Passphrase wordlist and hashcat rules for offline cracking of long, complex passwords
People think they are getting smarter by using passphrases. Let’s prove them wrong!
This project includes a massive wordlist of phrases (over 20 million) and two hashcat rule files for GPU-based cracking. The rules will create over 1,000 permutations of each phase.
To use this project, you need:
WORDLIST LAST UPDATED: 2021-10-04
Generally, you will use with hashcat’s
-a 0 mode which takes a wordlist and allows rule files. It is important to use the rule files in the correct order, as rule #1 mostly handles capital letters and spaces, and rule #2 deals with permutations.
Here is an example for NTLMv2 hashes: If you use the
-O option, watch out for what the maximum password length is set to – it may be too short.
hashcat -a 0 -m 5600 hashes.txt passphrases.txt -r passphrase-rule1.rule -r passphrase-rule2.rule -O -w 3
Some sources are pulled from a static dataset, like a Kaggle upload. Others I generate myself using various scripts and APIs. I might one day automate that via CI, but for now you can see how I update the dynamic sources here.

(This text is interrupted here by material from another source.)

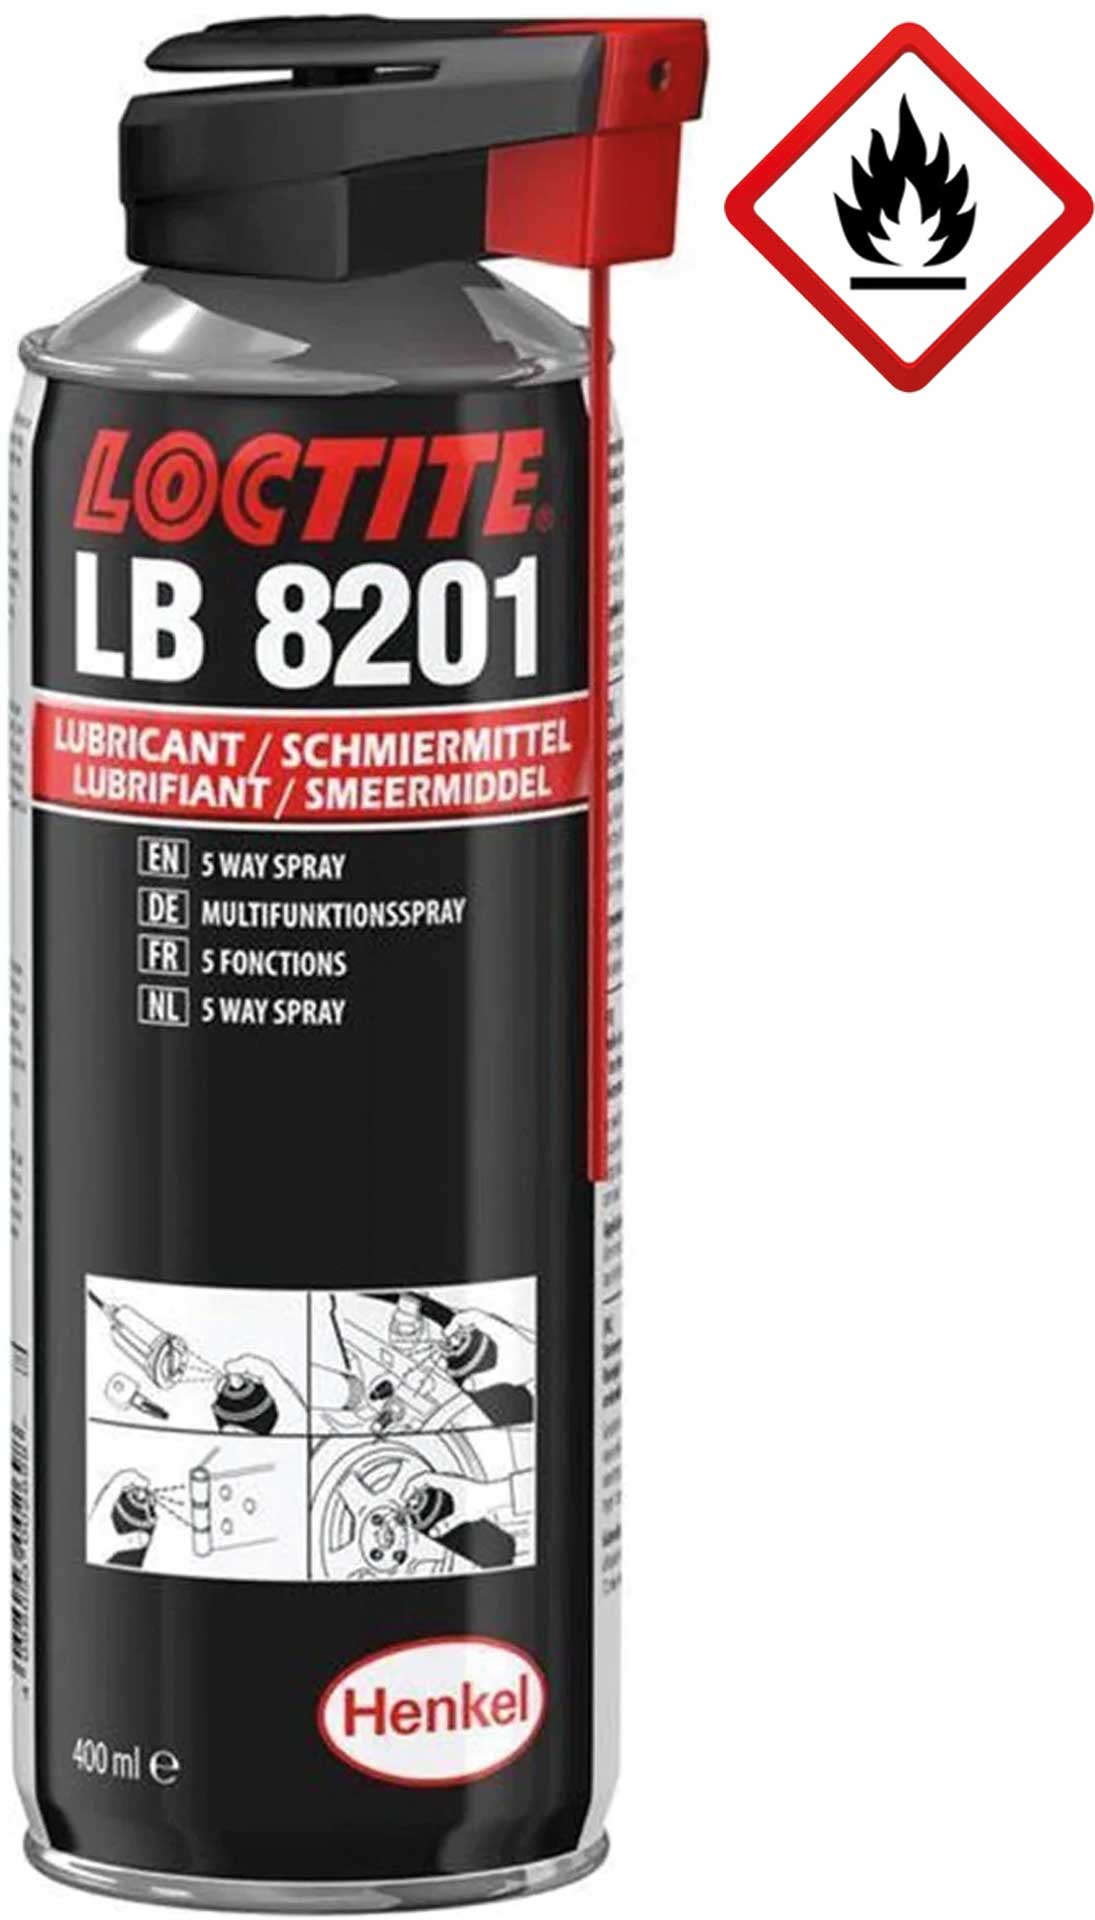 LOCTITE LB 8201 5-way spray 400ml penetrating oil Lubricant

|wiktionary-2021-09-29.txt||dynamic||Article titles scraped from Wiktionary’s index dump here.|
|wikipedia-2021-09-29.txt||dynamic||Article titles scraped from the Wikipedia |
|urban-dictionary-2021-09-29.txt||dynamic||Urban Dictionary dataset pulled using this script.|
|know-your-meme-2021-09-29.txt||dynamic||Meme titles from KnownYourMeme scraped using my tool here.|
|imdb-titles-2021-09-29.txt||dynamic||IMDB dataset using the “primaryTitle” column from |
|global-poi-2021-09-29.txt||dynamic||Global POI dataset using the ‘allCountries’ file from 29-Sept-2021.|
|billboard-titles-2021-10-04.txt||dynamic||Album and track names using Ultimate Music Database, scraped with a fork of mwkling’s tool, modified to grab Billboard Singles (1940-2021) and Billboard Albums (1970-2021) charts.|
|billboard-artists-2021-10-04.txt||dynamic||Artist names using Ultimate Music Database, scraped with a fork of mwkling’s tool, modified to grab Billboard Singles (1940-2021) and Billboard Albums (1970-2021) charts.|
|book.txt||static||Kaggle dataset with titles from over 300,000 books.|
(could be dynamic in future)
|Song lyrics for Rolling Stone’s “top 100” artists using my lyric scraping tool.|
|cornell-movie-titles-raw.txt||static||Movie titles from this Cornell project.|
|cornell-movie-lines.txt||static||Movie lines from this Cornell project.|
|author-quotes-raw.txt||static||Quotables dataset on Kaggle.|
|1800-phrases-raw.txt||static||1,800 English Phrases.|
|15k-phrases-raw.txt||static||15,000 Useful Phrases.|
The rule files are designed to both “shape” the password and to mutate it. Shaping is based on the idea that human beings follow fairly predictable patterns when choosing a password, such as capitalising the first letter of each word and following the phrase with a number or special character. Mutations are also fairly predictable, such as replacing letters with visually-similar special characters.
Given the phrase
take the red pill the first hashcat rule will output the following:
take the red pill take-the-red-pill take.the.red.pill take_the_red_pill taketheredpill Take the red pill TAKE THE RED PILL tAKE THE RED PILL Taketheredpill tAKETHEREDPILL TAKETHEREDPILL Take The Red Pill TakeTheRedPill Take-The-Red-Pill Take.The.Red.Pill Take_The_Red_Pill
Adding in the second hashcat rule makes things get a bit more interesting. That will return a huge list per candidate. Here are a couple examples:
T@k3Th3R3dPill! T@ke-The-Red-Pill taketheredpill2020! T0KE THE RED PILL
Optionally, some researchers might be interested in:
- The raw source files mentioned in the table above. You can download them by appending the file name to
- The script I use to clean the raw sources into the wordlist here.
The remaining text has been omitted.